Line by line, retype the material exactly and leave each picture out.

### MATERIAL PROVIDED
____
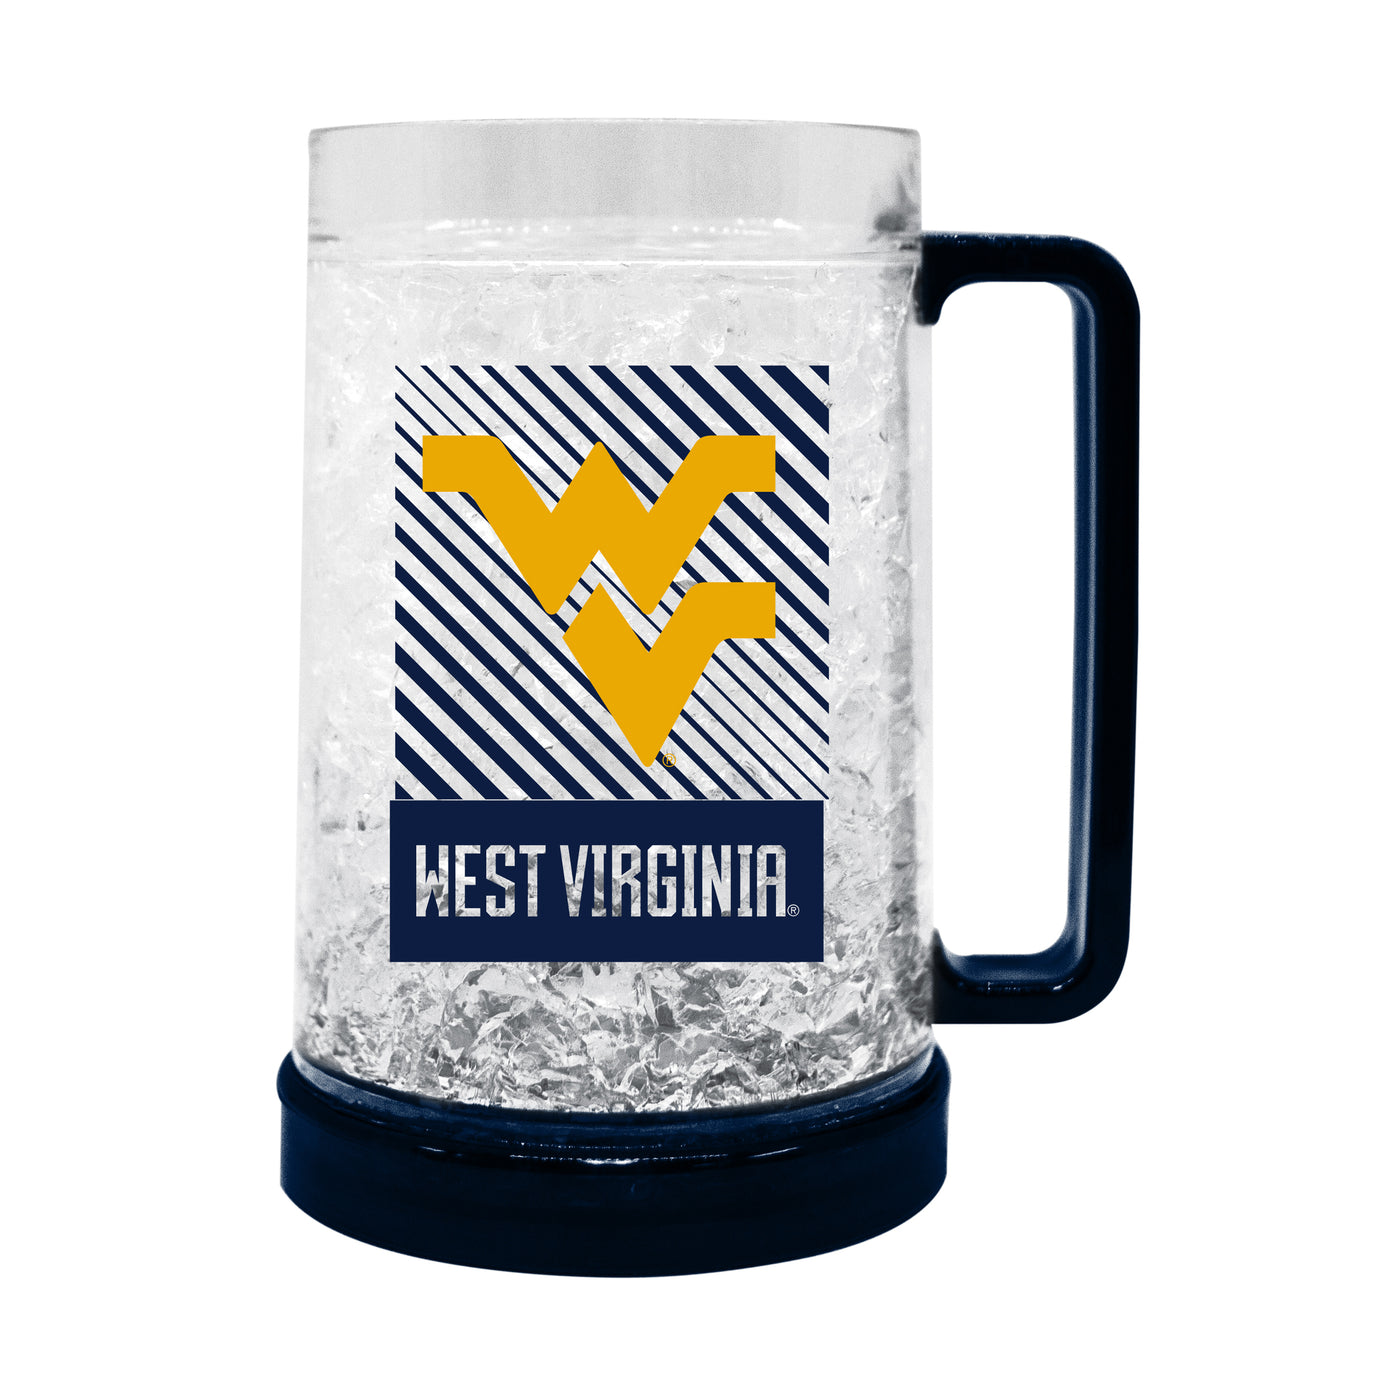 West Virginia Freezer Mug
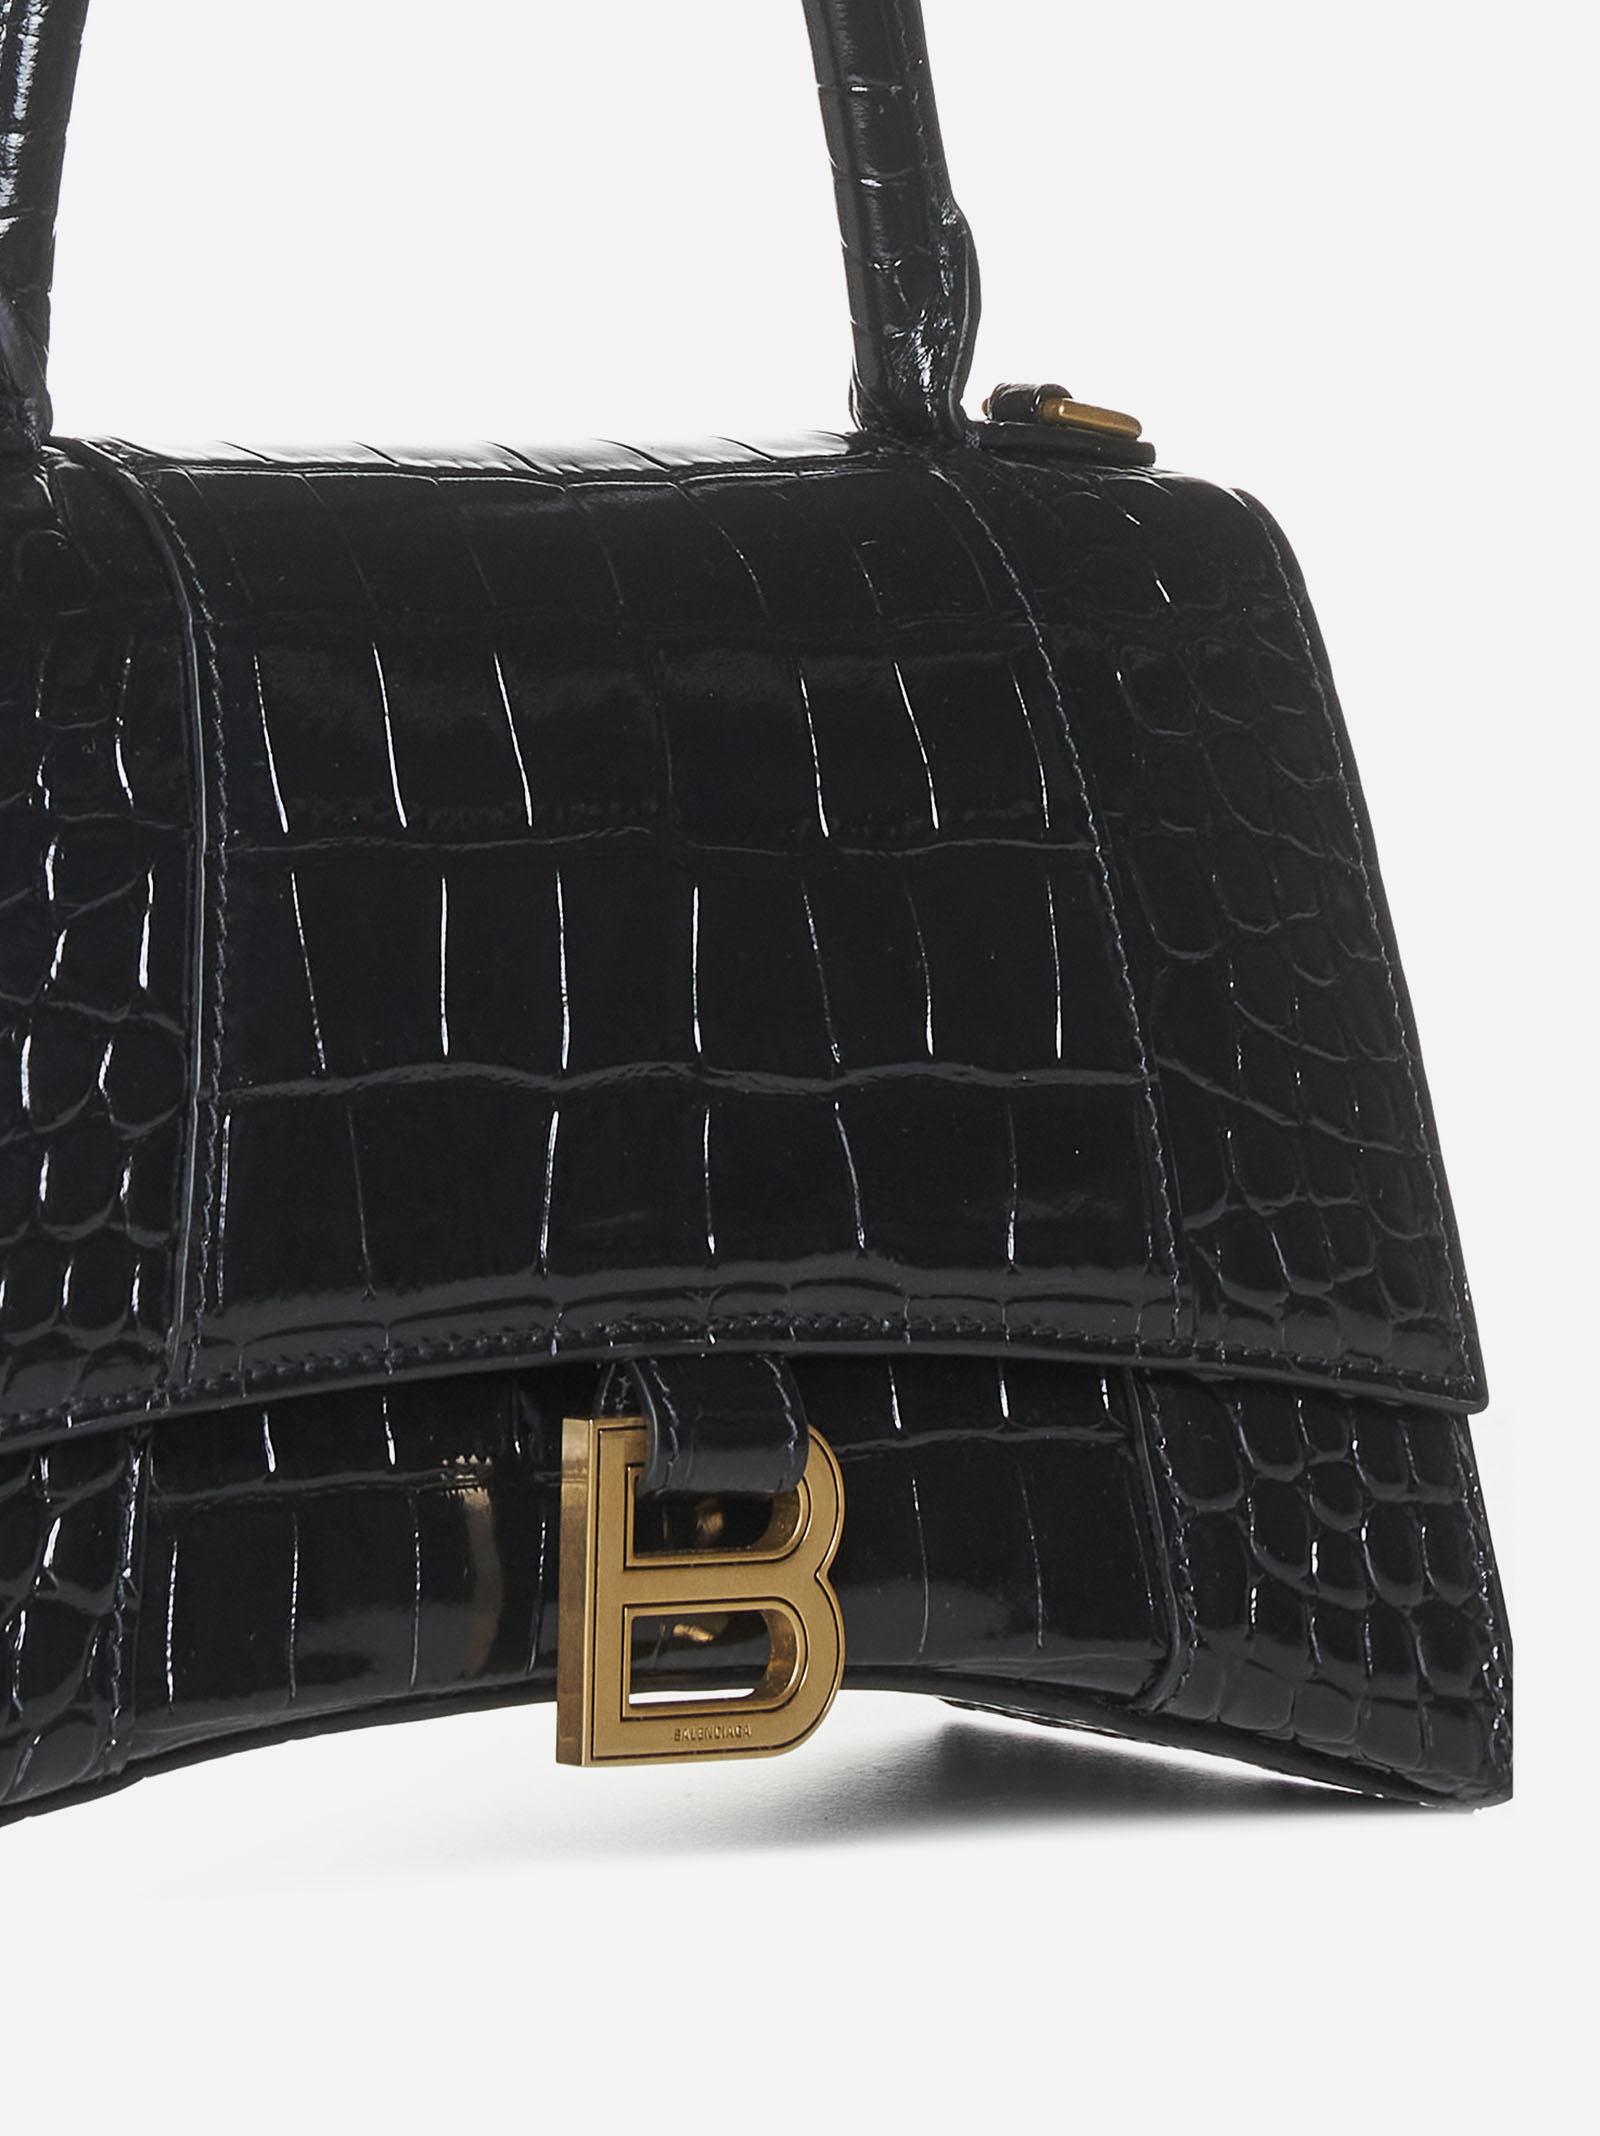 Black Hourglass S crocodile-effect leather bag, Balenciaga
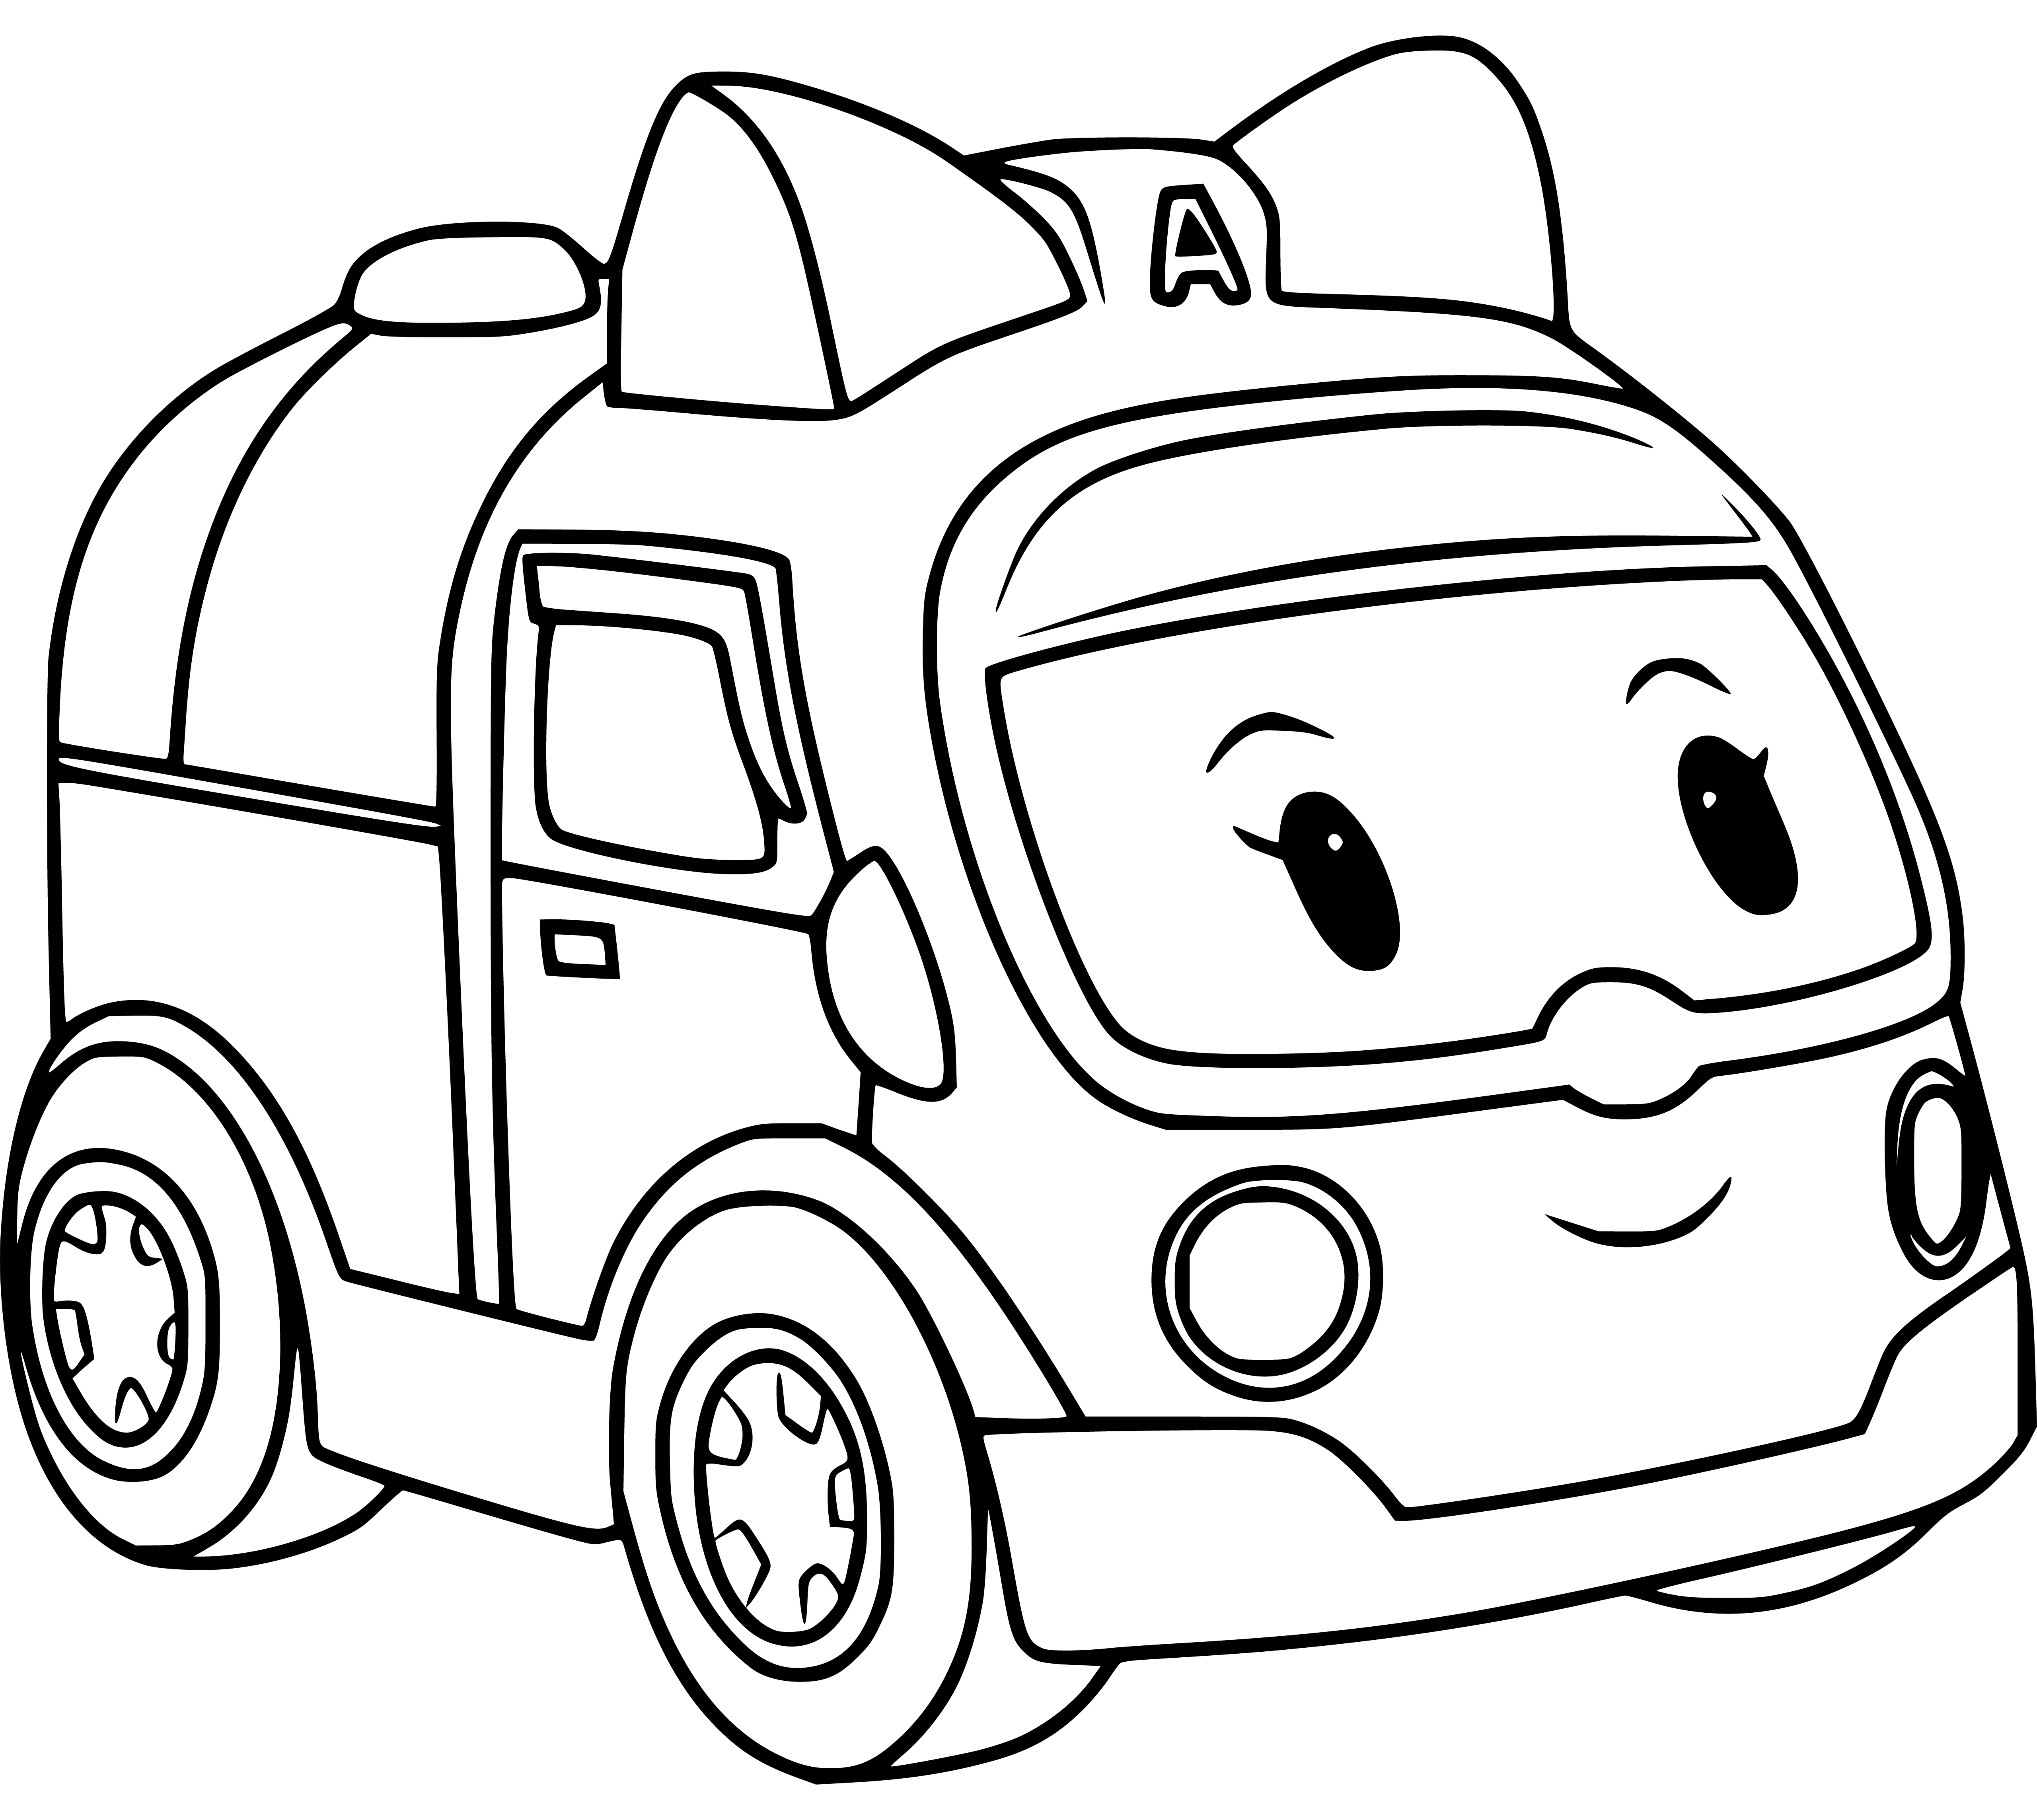 Ambulance Amber Coloring Page for Kids to Print - SheetalColor.com
____
### EXERCISE OUTPUT
 West Virginia Freezer Mug
 Black Hourglass S crocodile-effect leather bag, Balenciaga
 Ambulance Amber Coloring Page for Kids to Print - SheetalColor.com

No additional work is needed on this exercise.